To find out, the researchers exposed an organization of mice to the H1N1 strain of influenza. This strain is not neuroinvasive in mouse models, the infection is limited to the trachea and lungs. To keep things in line with their Covid-19 experiments, the researchers made sure the mice only had mild flu, as evidenced by minimal illness behaviors and minimal weight loss.
Despite a largely benign disease, the mice showed symptoms of superior inflammation, with a noticeable buildup in cytokine and chemokine levels. The researchers discovered them in blood and cerebrospinal fluid, indicating that inflammation had made its way into the nervous system.
The profile of influenza-induced cytokines largely mirrored that of mice with mild Covid-19 breathing (Figure 2). In either case, cc-pattern chemokine ligand 11 (CCL11) is provided in the cerebrospinal fluid seven days to seven weeks after infection. In fact, grades CCL11 were higher at seven weeks than at seven days.
This means that the first component of the mechanism behind cognitive decline after Covid-19, the peripheral inflammation that triggers neuroinflammation, also provides a flu infection. What about the remaining items?
In the context of Covid-19, high levels of CCL11 were related to the accumulation and reactivity of microglial cells. By reading the white matter of mice exposed to influenza, the team of researchers discovered a similar accumulation in microglial reactivity; the total number of microglial cells remained the same in the influenza and control organizations, the number of activated microglial cells was particularly higher in the recovering mice.
Accumulation in activated microglial cells accompanied damage to oligodendrocytes and a decrease in the production of new neurons in the hippocampus, called neurogenesis. Exactly the same pathology observed in mice with Covid-19.
Neurogenesis in the hippocampus deteriorated as early as seven days after influenza infection, and this persisted for at least seven weeks after infection. Microglial cells in this region remained reactive at all times. recovery in oligodendrocyte counts. Although there was a marked decrease seven days after infection, the oligodendrocyte population had normalized within seven weeks. This correlates with stable relief in microglial reactivity over the same period.
Therefore, they share the same underlying mechanism, the cognitive disorder caused by influenza differs from that caused by SARS-CoV-2; Or they cause a lasting decrease in neurogenesis in the hippocampus, but only SARS-CoV-2 causes more lasting damage in oligodendrocyte production.
Aftermath
The effects of viral infections can worsen over several weeks, months, and even years after infection. When it comes to cognitive decline, those findings identify systemic inflammation, which ultimately manifests itself in the brain, as a learning factor.
Not all viruses have the same effect because not all cause the same amount of inflammation. This is true even for other strains of the same virus, although the flu in general is not known to cause neurological problems. the strain that caused the Spanish flu pandemic of 1918 led to a strong accumulation of Parkinson’s disease. As the virulence of the strain slowly decreased, it followed the intensity of the inflammatory reaction, as did the frequency of neurological and cognitive symptoms. It will be a matter of time before some other virus with such a capacity appears.

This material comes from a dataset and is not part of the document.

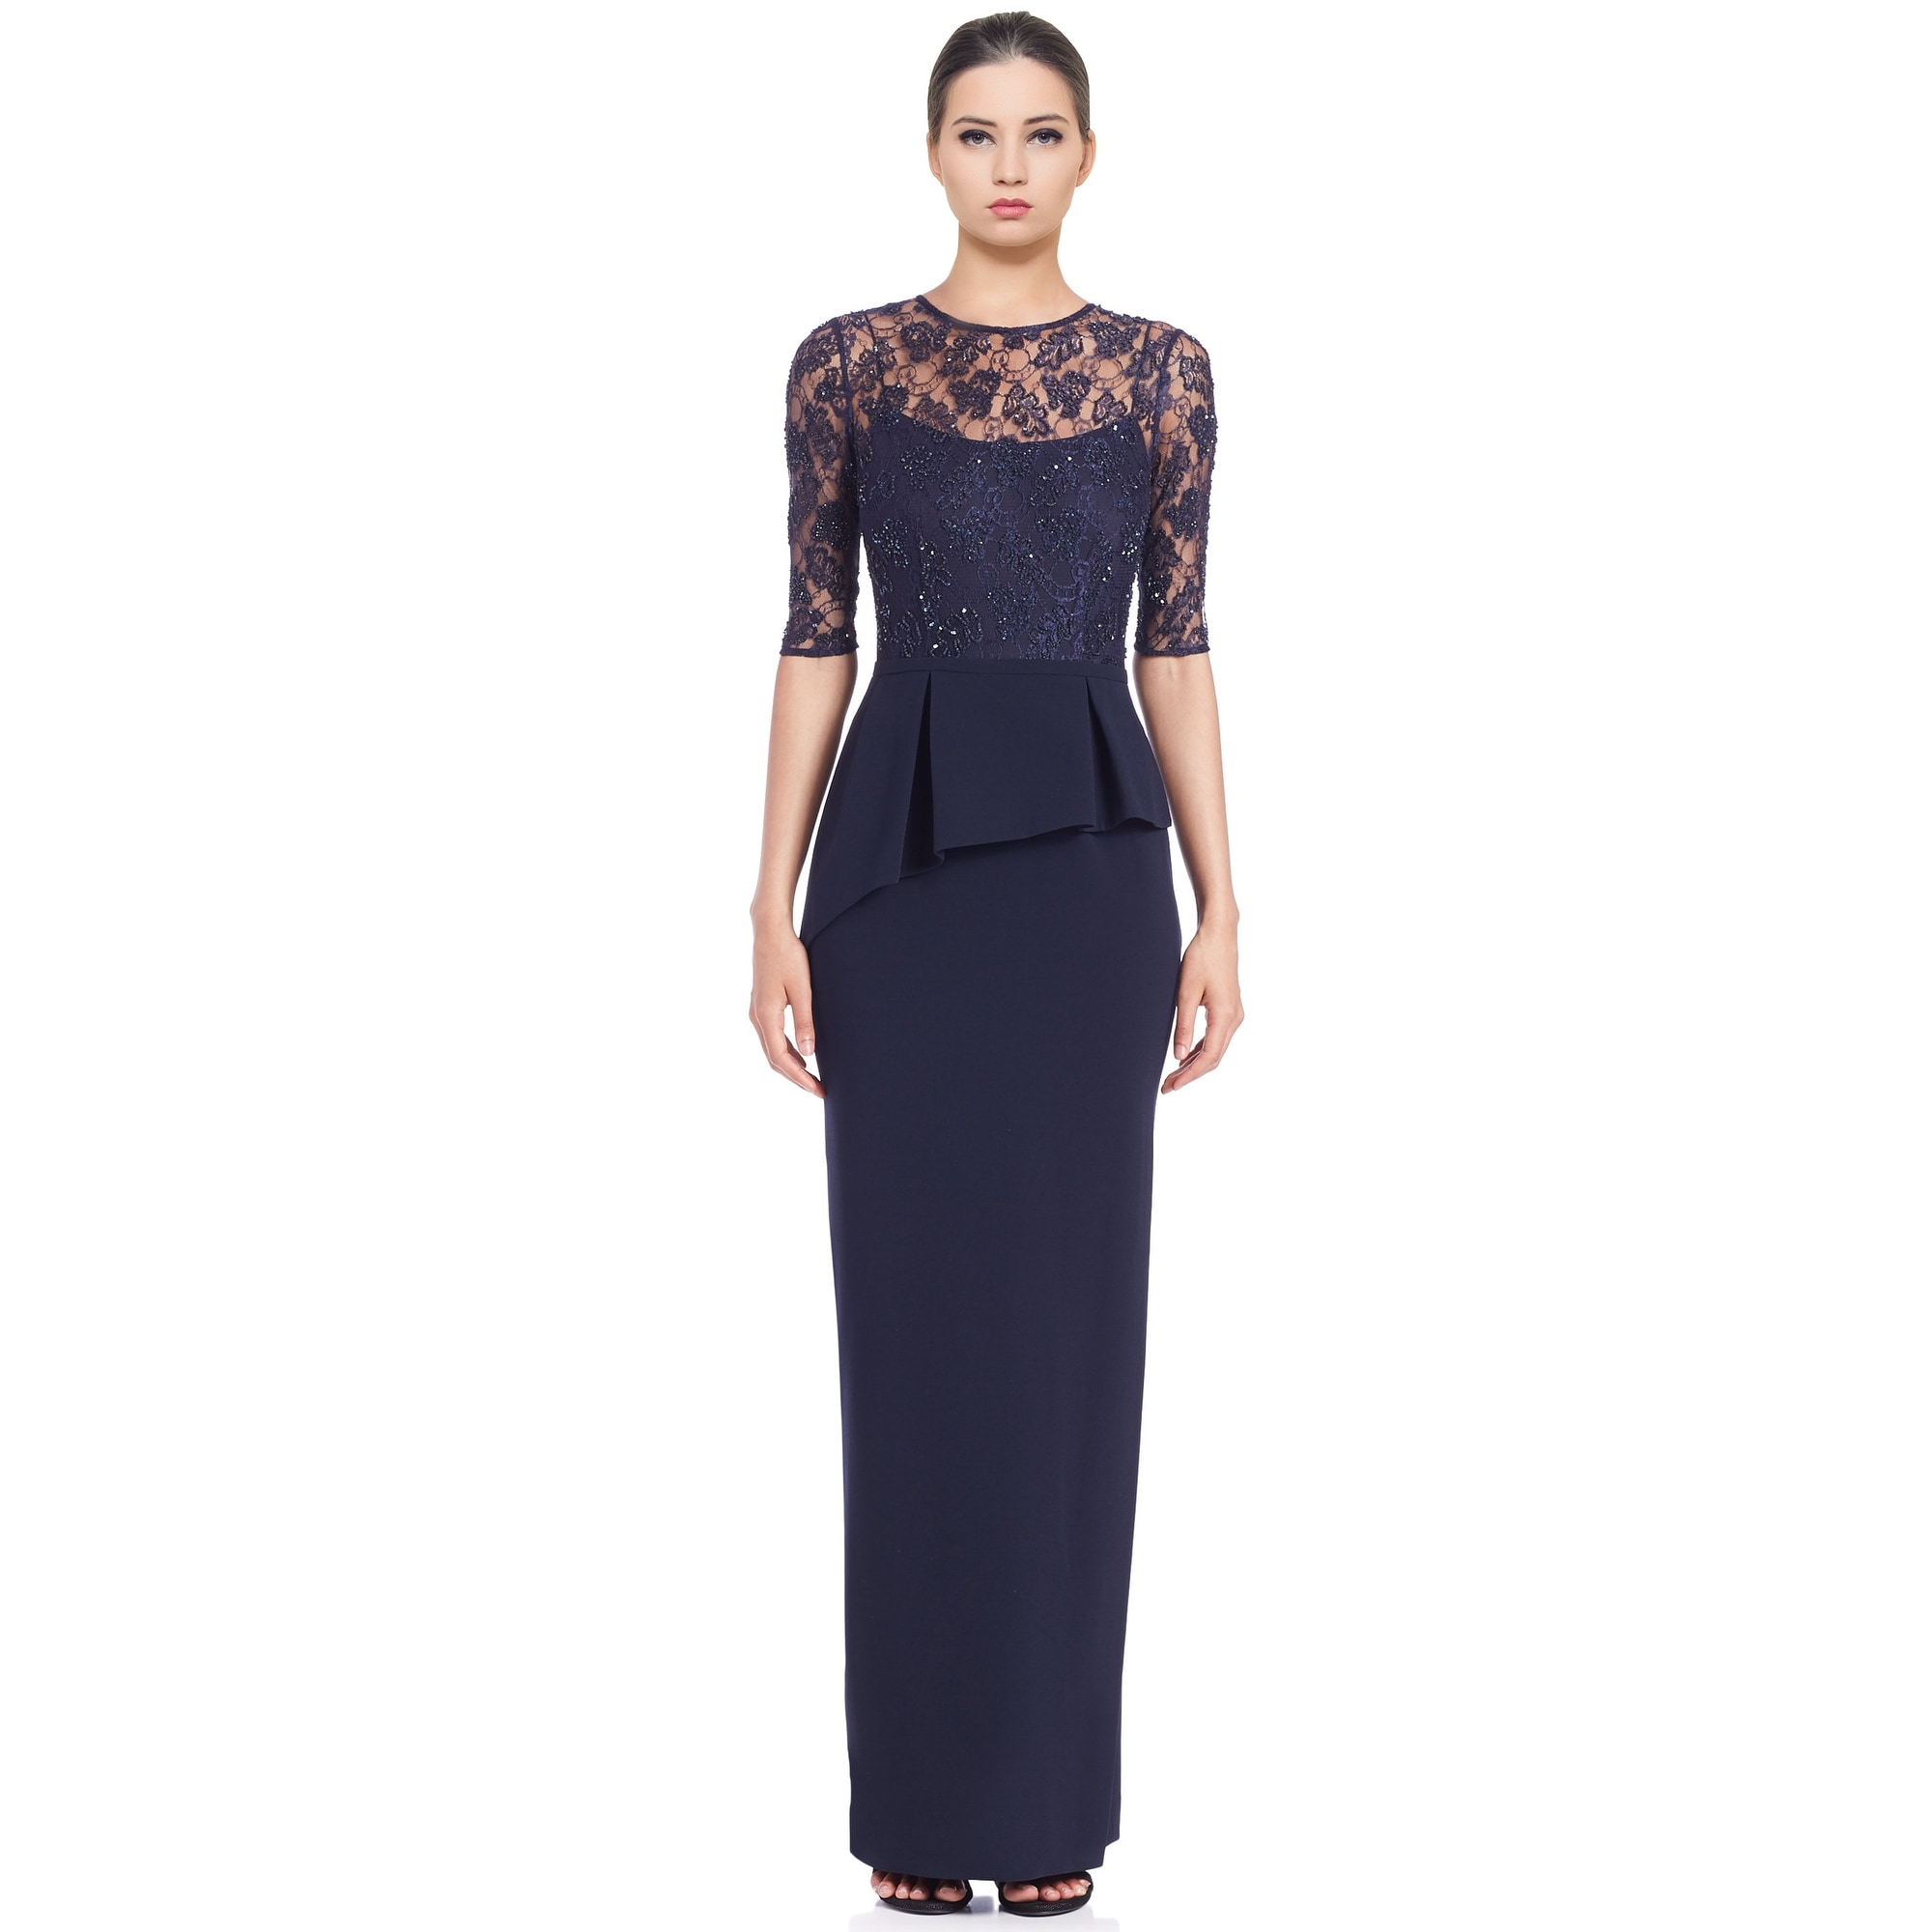 Shop Teri Jon Embellished Lace Peplum Column Evening Gown Dress ...

This is evident with SARS-CoV-2, which has been characterized by the strength of the inflammatory reaction it triggers; in a sense, this is a feature of the virus. This manifests itself through cytokine storms, hypercoagulation, and disturbing levels of cytokines and chemokines circulating in the blood and cerebrospinal fluid.
While we can expect slight differences between the variants, the common theme is long-term cognitive and functional damage, some of which seem and others may not appear until much later.